Digital OOH offers an interesting “hybrid solution” in a fragmenting digital world. Specsavers’ current digital campaign was used as an example of combining creativity, context and topicality to reach a mass audience, fully integrating and complimenting a digital media strategy. An example of the best work that’s out there this week.

If Ritson put digital OOH’s rise in a strong place as a trusted and transparent partner to digital media, Adam and Eve DDB’s Les Binet went on to reiterate that the return to branding should not be overlooked and to satisfy what clients really want could be the cornerstone of today’s media planning.

Updating the celebrated IPA effectiveness analysis, Binet emphasised that “broad reach still trumps tight targeting” and illustrated that OOH and TV remain the best ways to drive broad, profitable communication to audiences.

Observations on OOH Effectiveness and Digital OOH’s Contribution

Based on extensive case studies, the research made some crucial observations on how OOH can be used in media planning to achieve clear client effectiveness goals, many simply reinforcing well-versed advertising principles. For example…

“90% of effectiveness is driven by the reach of the medium.”

“Emotion and Fame based communication is the most effective; OOH doubles the chance of driving brand fame and animated content and video is the most emotive format.”

“Adding OOH to the media mix increases the effectiveness of campaigns by 20%.”

The real news came in the analysis of digital OOH’s contribution in the last few years, reaching critical mass and contributing across formats as a truly national medium. “Digital OOH makes OOH more effective than before, the effect doubling” and currently (at +37%) “getting stronger” as more panels emerge in high value and high footfall locations.

This reflects brands’ smarter communication using digital OOH of late and rewards high levels of media owner investment (as we know, the majority in new locations).

These insights provide a compelling and complementary view as we embrace a challenging 2018.
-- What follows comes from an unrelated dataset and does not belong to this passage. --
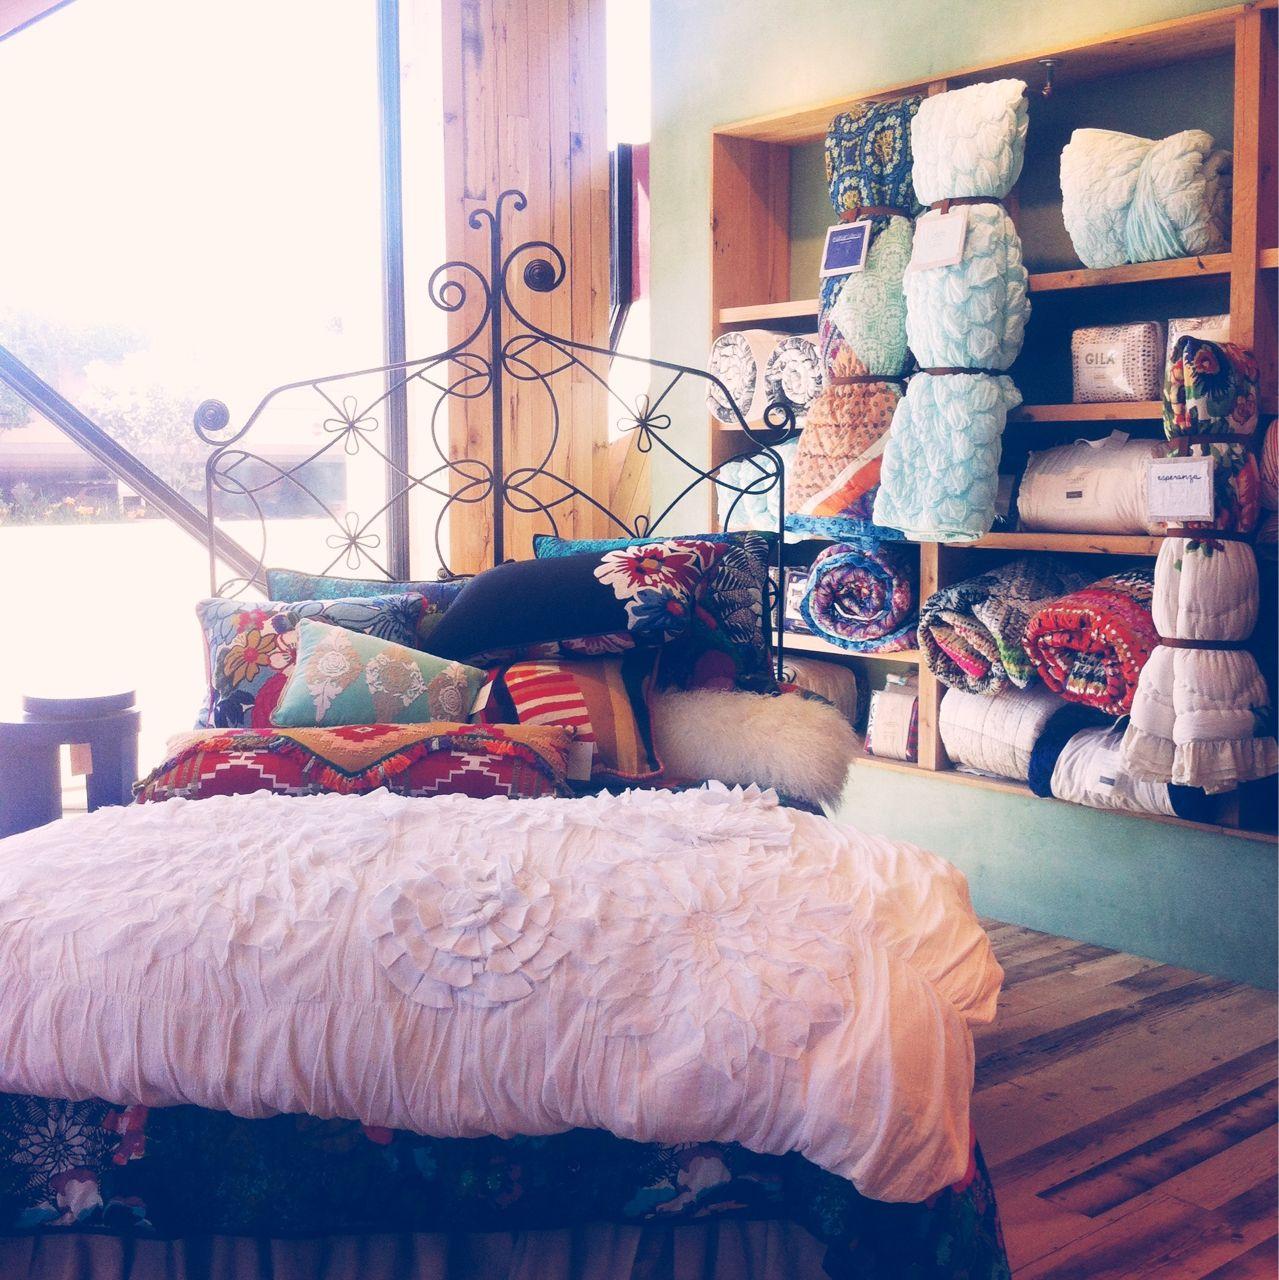 Anthropologie Store Costa Mesa / @jchongstudio On

Digital OOH can enhance cross-channel communication, add an important dimension to digital media and OOH, whilst delivering transparently on accountability, effectiveness and brand security factors that become more important to convey.

As our industry embraces the IAB community, we are showing our own upfront commitment to digital media, ready to deliver dynamic content to relevant audiences. By committing to automation, accountability and data-led planning, OOH is well placed for “unprecedented growth” (Ritson), delivering on core planning principles that serve brands well.

Bring on 2018, a year for brands to reclaim their meaning in advertising, and for OOH to embrace an invigorating digital media landscape that can bring mass personalisation to real people on the move and in the right context.